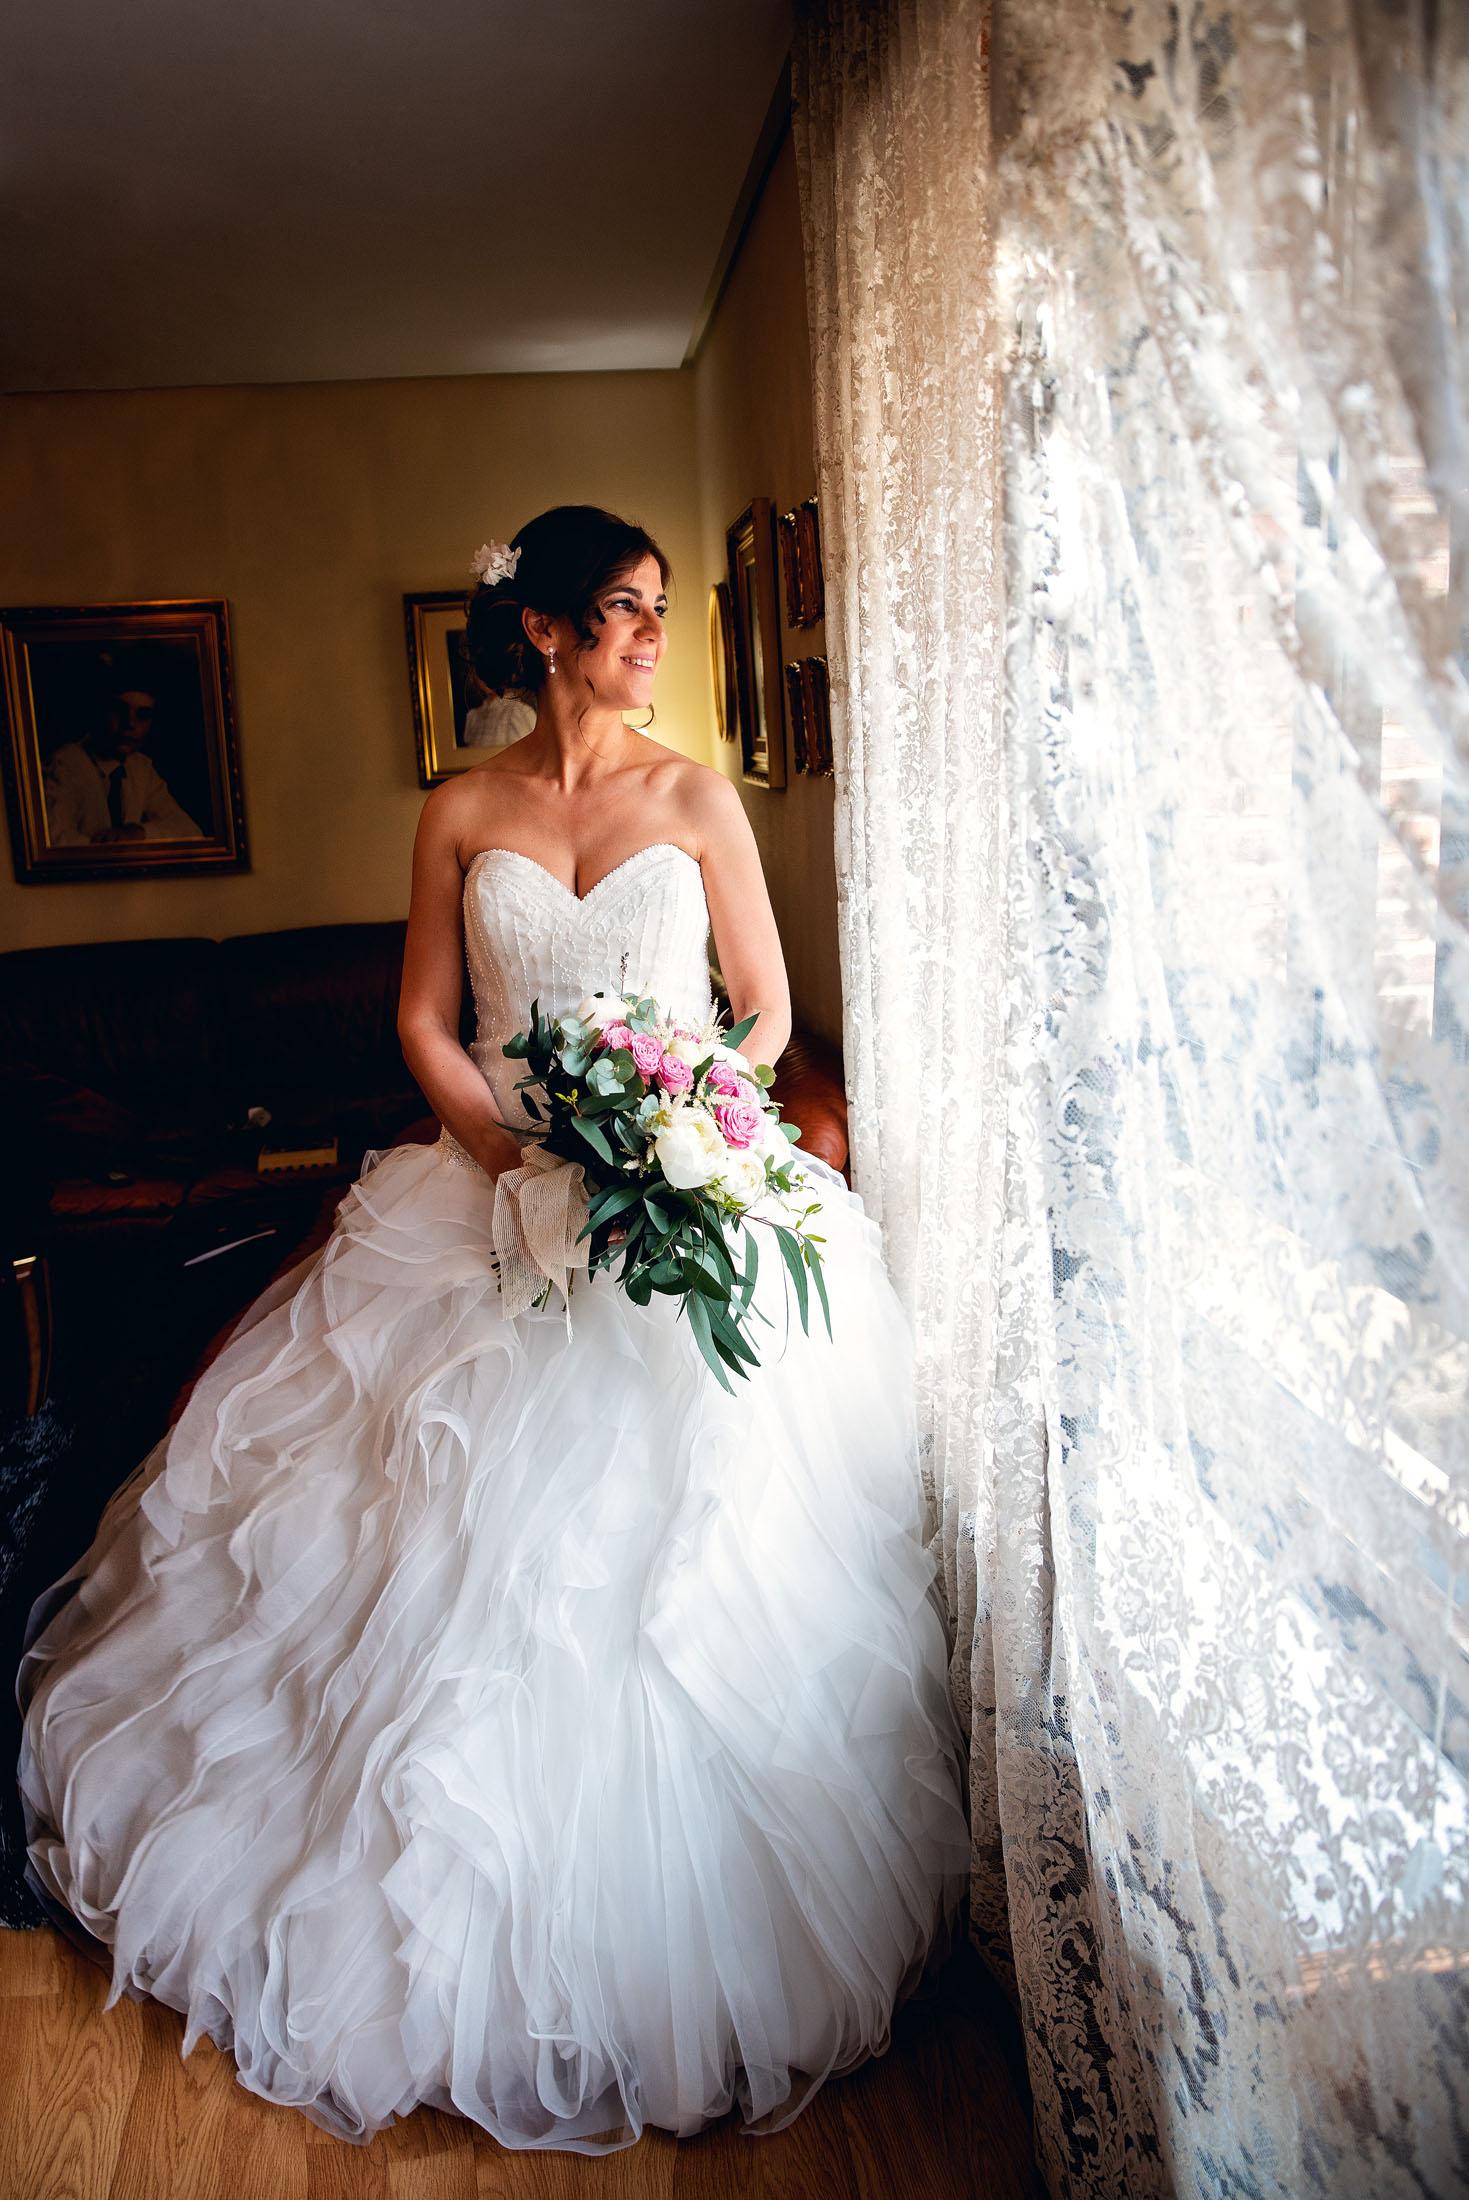 Fotografo de bodas Albacete
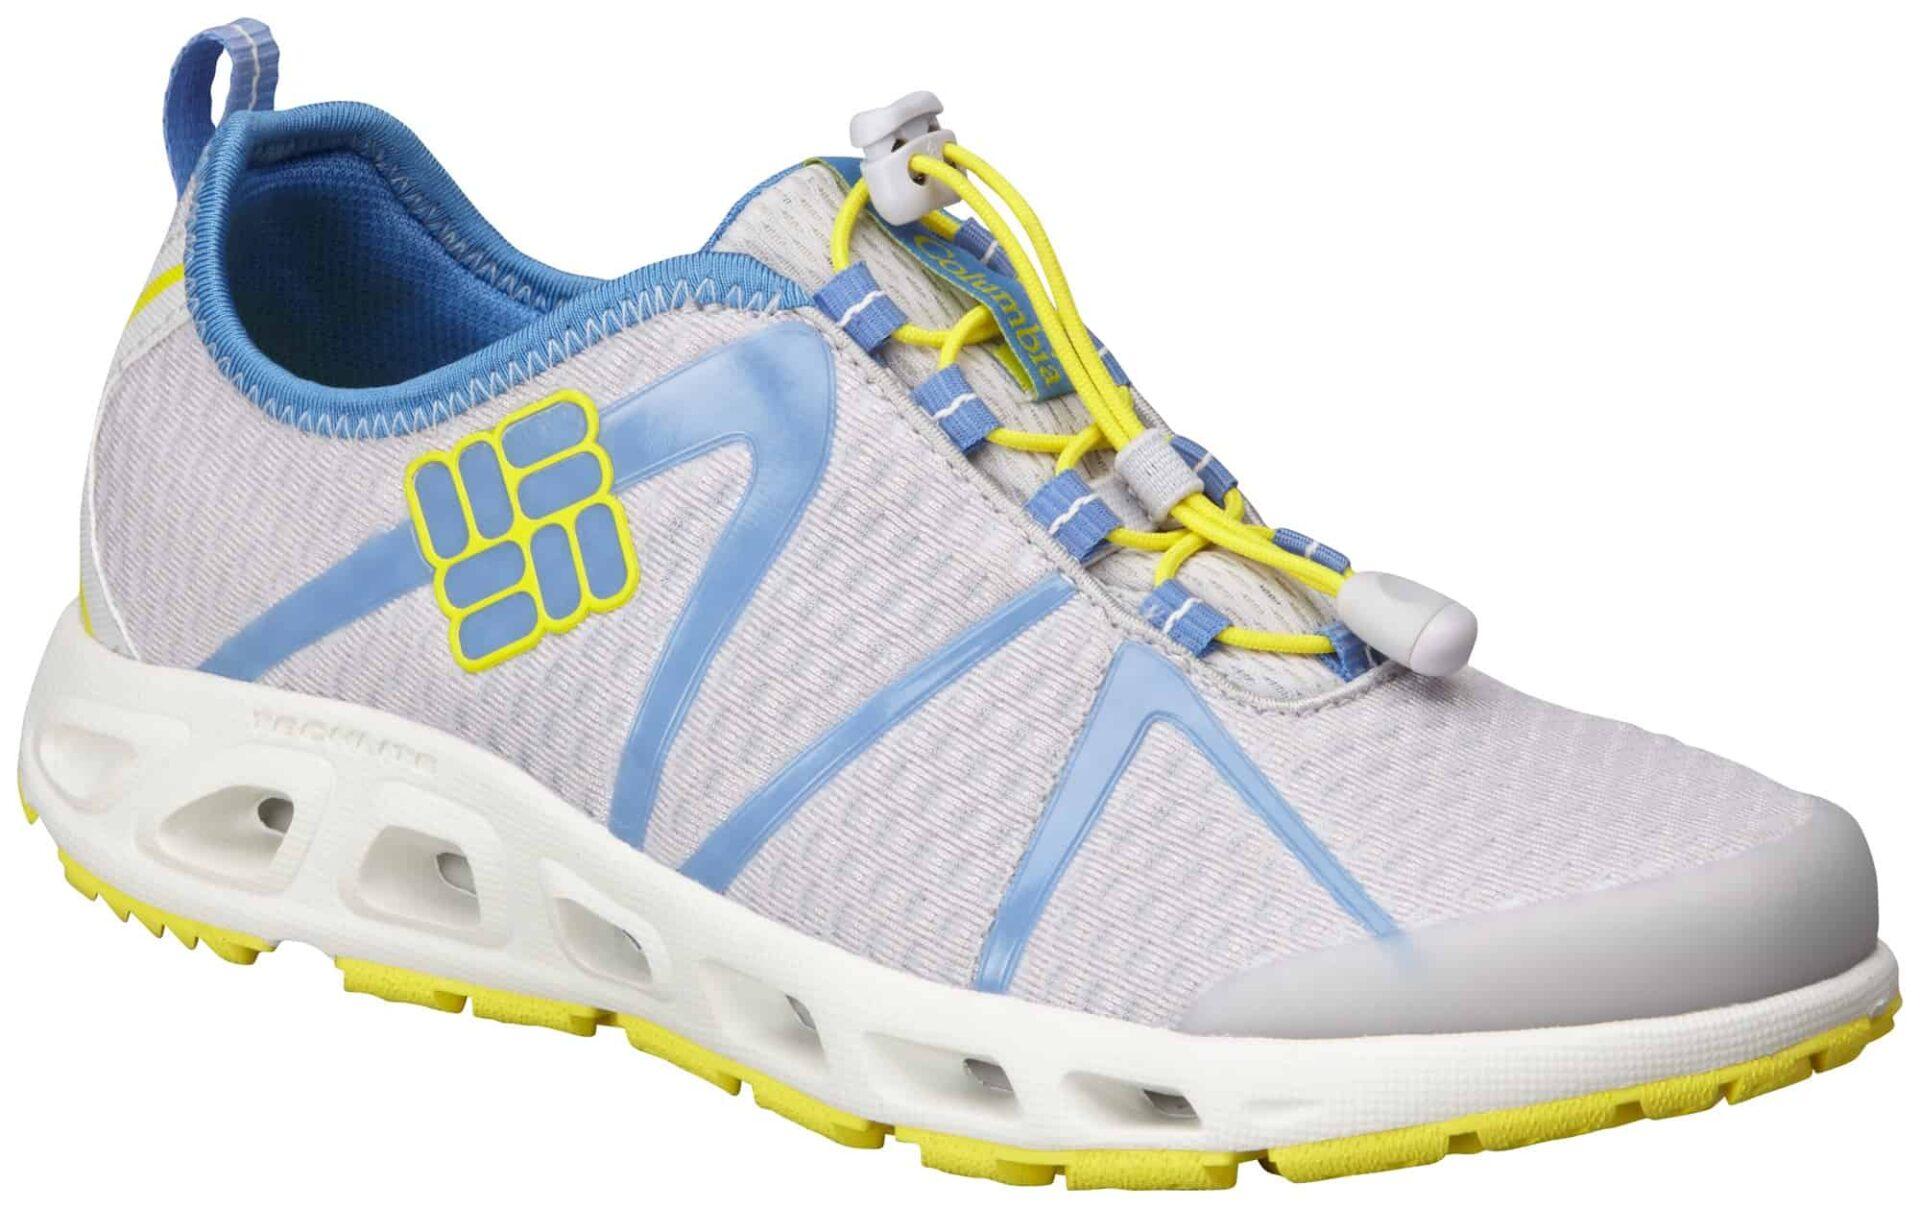 Powerdrain Cool by Columbia : le prime scarpe che rinfrescano!
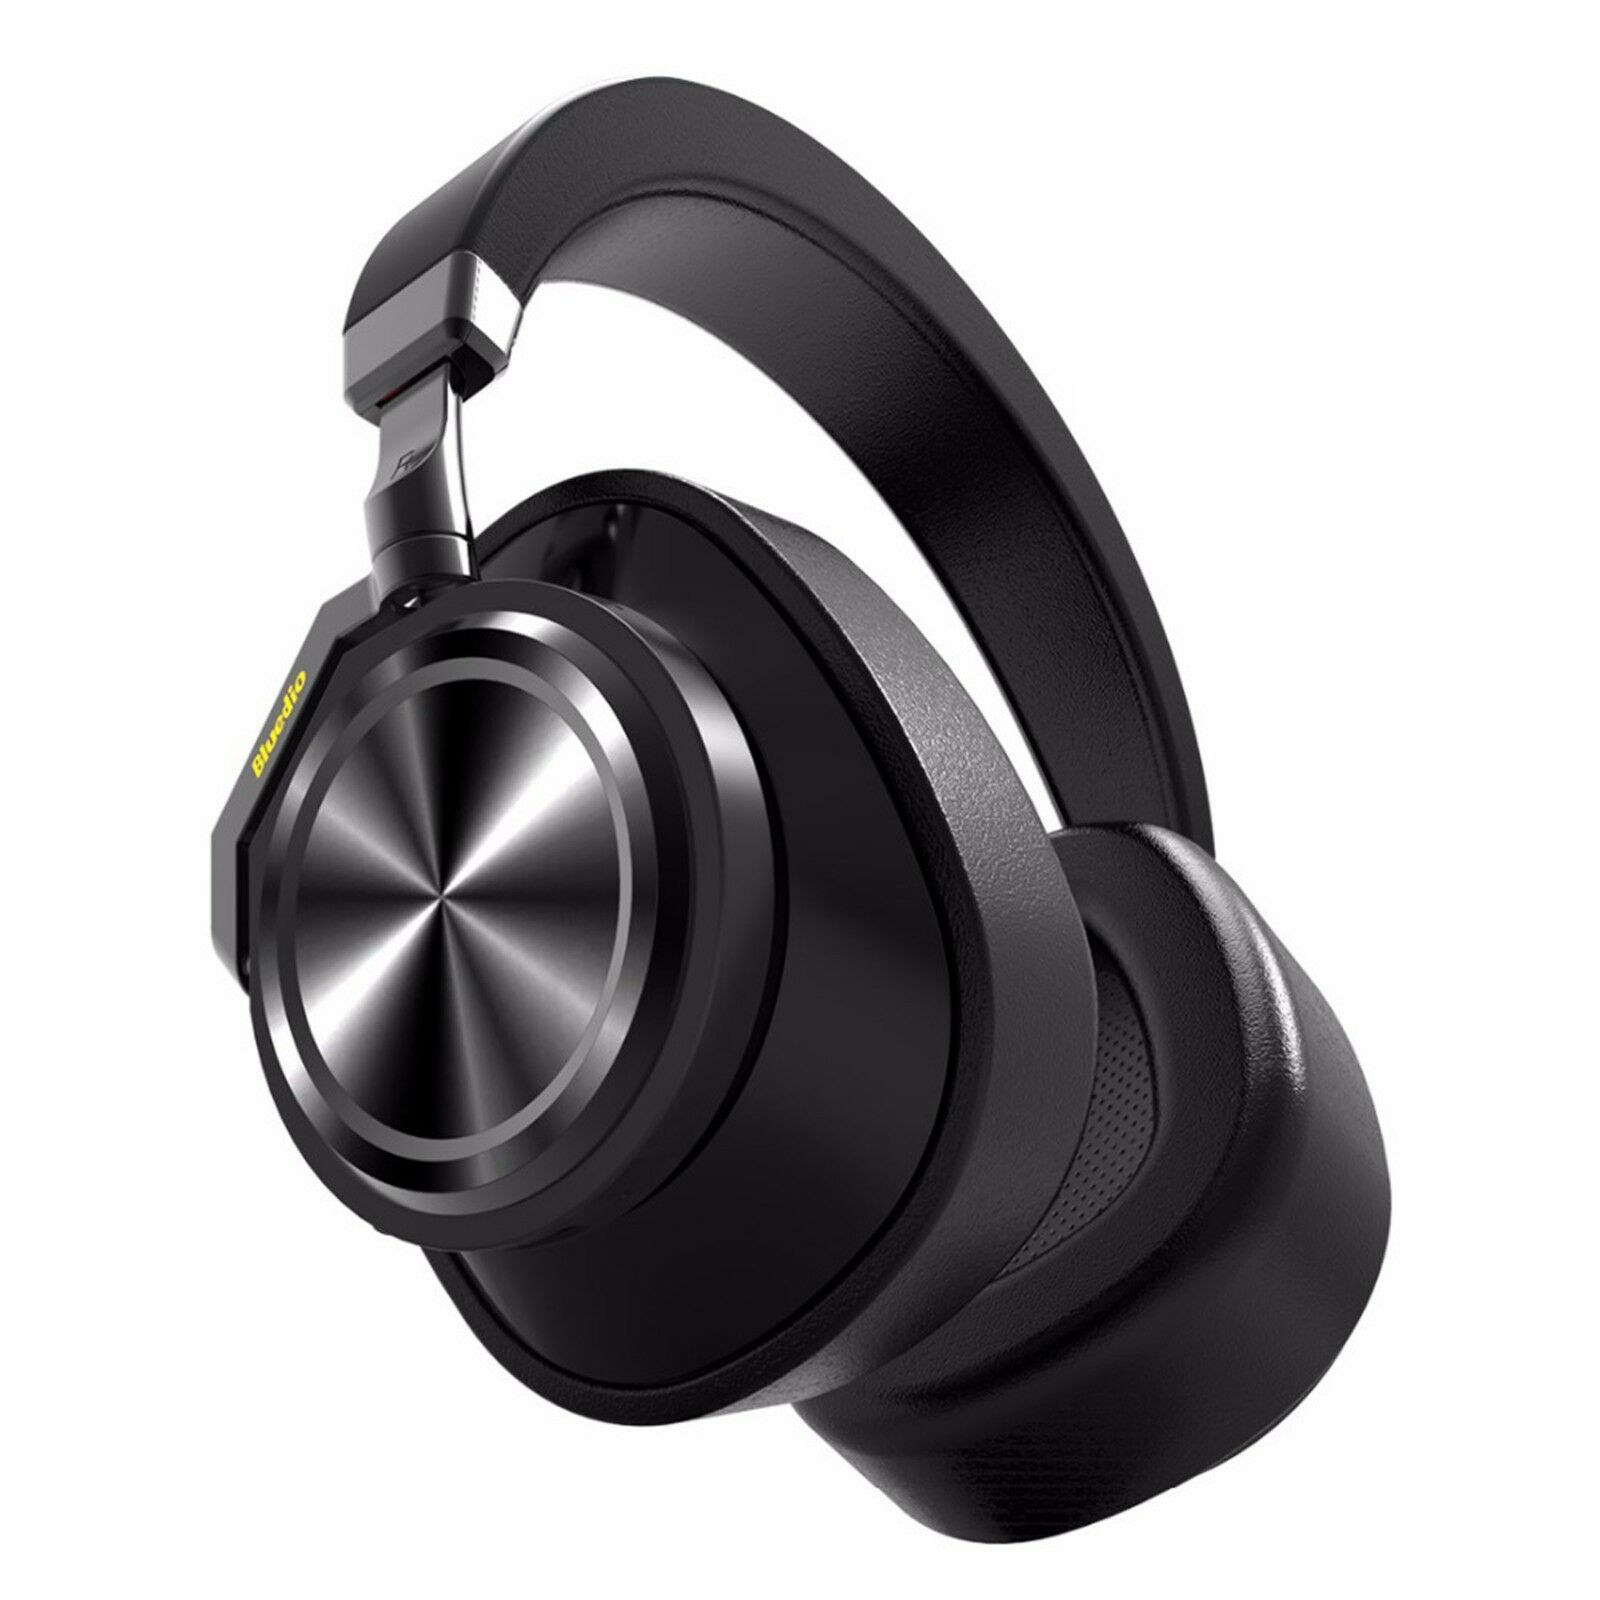 Bluedio T6 Bluetooth Cordless Stereo Headphones ANC wireless Headset, Microphone

• [The task]: Once more, give the listing above exactly, leaving each picture out.

• [Response]:
 Fotografo de bodas Albacete
 Powerdrain Cool by Columbia : le prime scarpe che rinfrescano!
 Bluedio T6 Bluetooth Cordless Stereo Headphones ANC wireless Headset, Microphone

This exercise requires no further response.